Incident Response Runbook Design

Introduction

The biggest cost in responding to a failure is decision-making delay rather than technical recovery. Even if there is a runbook, it is often difficult to use it on site because it is not up-to-date or the division of roles is ambiguous. This article summarizes an Incident Runbook design method that can be immediately executed from an SRE perspective.

Incident Response Runbook 설계 커버 — Wikimedia Commons 기반 무료 이미지

Problem definition

The reason runbooks fail is not document quality but lack of execution.

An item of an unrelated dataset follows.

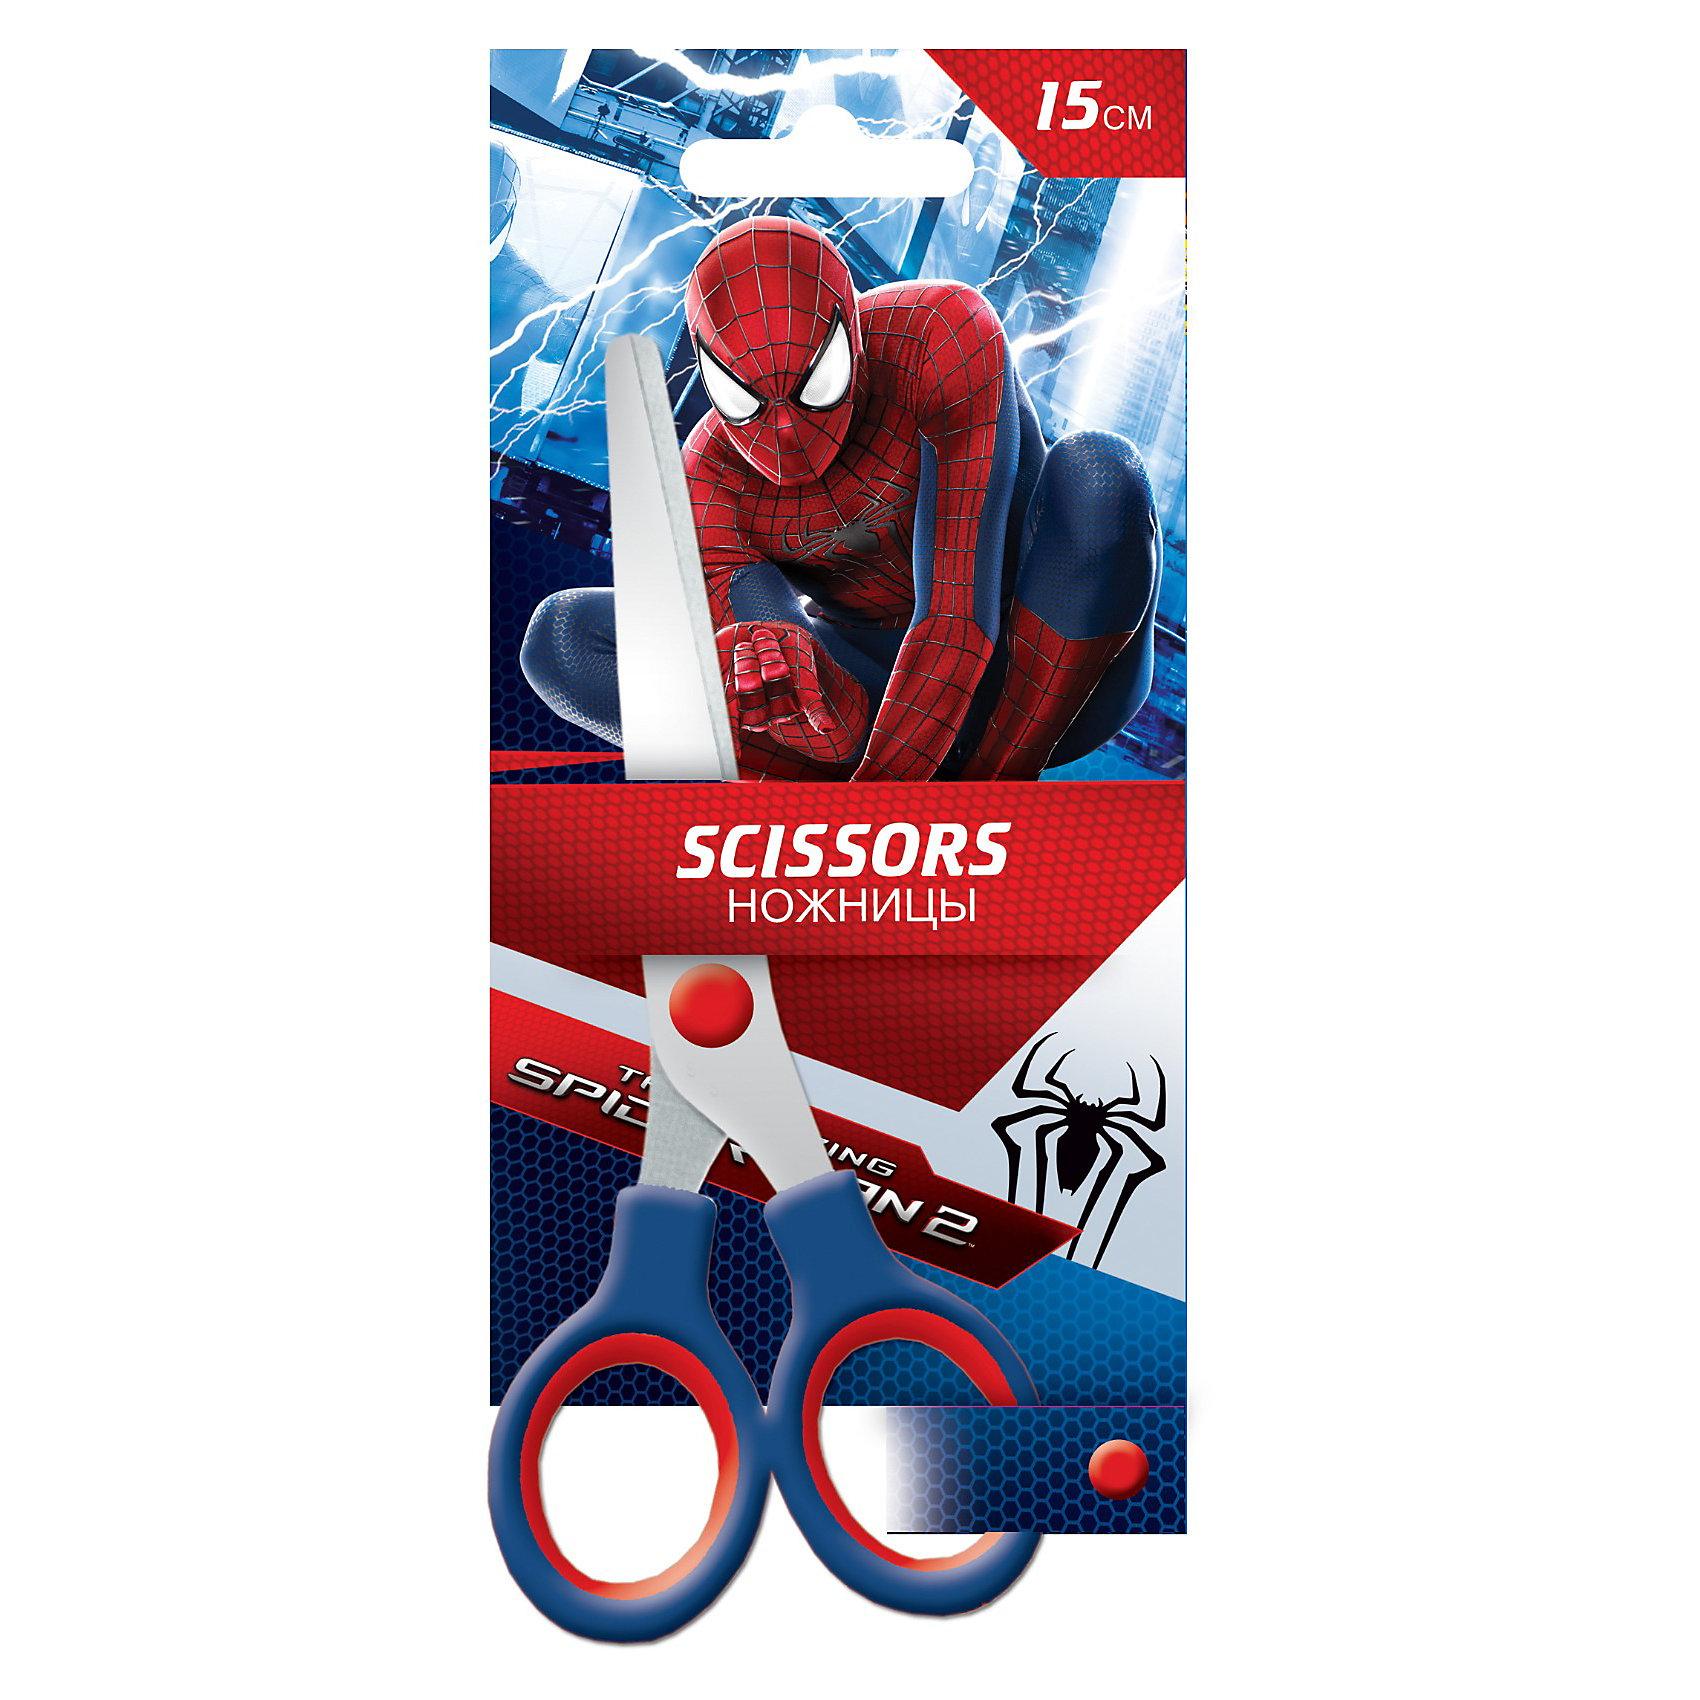 Ножницы, 15 см, Человек-ПаукЧеловек-Паук<br>Ножницы, 15 см, Человек-паук — необходимая вещь на уроках труда. Удобные ручки, компактный размер. Ножницы изготовлены из нержавеющей стали. Упаковка иллюстрирована изображением с героем комиксов — Человеком-Пауком, что несомненно порадует юных героев.<br><br>Яркий аксессуар, который обязательно понравится поклонникам Человека-Паука!<br><br>Дополнительная информация:<br><br>- Упаковка: блистер<br>- Нержавеющая сталь<br>- Гравировка логотипа на лезвиях<br>- Удобные ручки<br>- Размер упаковки: 18 х 8 х 1 см<br>- Вес: 40 г.<br><br>Ножницы, 15 см, Человек-паук (Spider-Man) можно купить в нашем интернет-магазине.<br><br>Ширина мм: 180<br>Глубина мм: 80<br>Высота мм: 10<br>Вес г: 37<br>Возраст от месяцев: 48<br>Возраст до месяцев: 84<br>Пол: Мужской<br>Возраст: Детский<br>SKU: 3563076

The detection criteria and severity classification are ambiguous, so the start of response is delayed.
Initial action is delayed because key commands differ depending on the environment.
The same failure is repeated because the post-retrospective is not connected to the runbook update.

A practical runbook should be an index to an executable script, not a document to be read. Step-by-step orders, decision-making standards, and communication systems must be displayed on one screen.

Key concepts

perspective	Design criteria	Verification points
detection	Alarm Threshold + Duplicate Suppression	Notification time after detection
Category	fix table by sev	Initial misclassification rate
action	Automation script link	Initial recovery time
Learning	Runbook update after retrospective	Reduced recurrence rate

A good runbook helps you execute faster than a detailed explanation. The key is to accelerate decision-making by compressing commands and checkpoints.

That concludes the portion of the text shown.